Subject: Re: [boost] lifetime of ranges vs. iterators
From: David Abrahams (dave_at_[hidden])
Date: 2008-09-03 13:21:14
on Wed Sep 03 2008, "Giovanni Piero Deretta" <gpderetta-AT-gmail.com> wrote:
> On Wed, Sep 3, 2008 at 3:11 PM, David Abrahams <dave_at_[hidden]> wrote:
>> on Tue Sep 02 2008, "Giovanni Piero Deretta" <gpderetta-AT-gmail.com> wrote:
>>>> Great, but what are you doing with these stacks? Normally, the answer
>>>> would be something like "I'm applying the X algorithm to a range of
>>>> elements that represent Y but have been adapted to look like Z"
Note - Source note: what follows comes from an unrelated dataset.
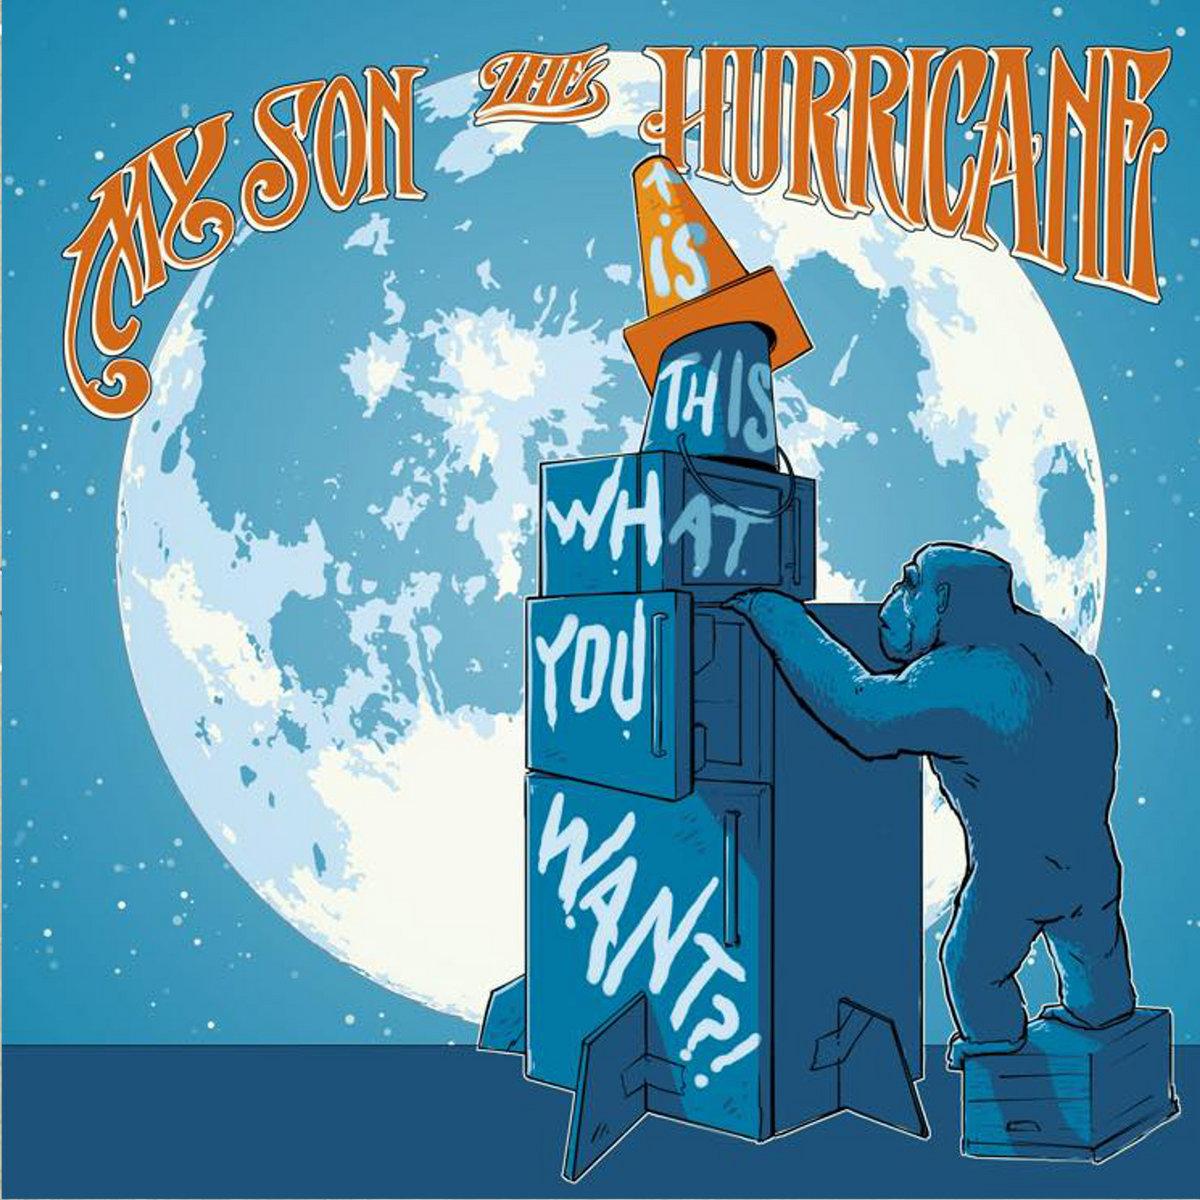 Birthday Cake w Sammi Morelli My Son The Hurricane

>>> Usually is a matter of converting a text document to a point in a
>>> feature vector space as a preprocessing stage:
>> e.g., for the purposes of search? Just trying to get a feel for what
>> you're describing.
> Near duplicate elimination and document clustering in general. Most
> clustering algorithms work on representations of documents as points
> in a very high dimension space.
>>> Most pipelines start with tokenization, normalization, filtering and
>>> hashing, with a 'take' operation at the end.
>> By 'take' you mean a destructive read?
> What do you mean with 'destructive'?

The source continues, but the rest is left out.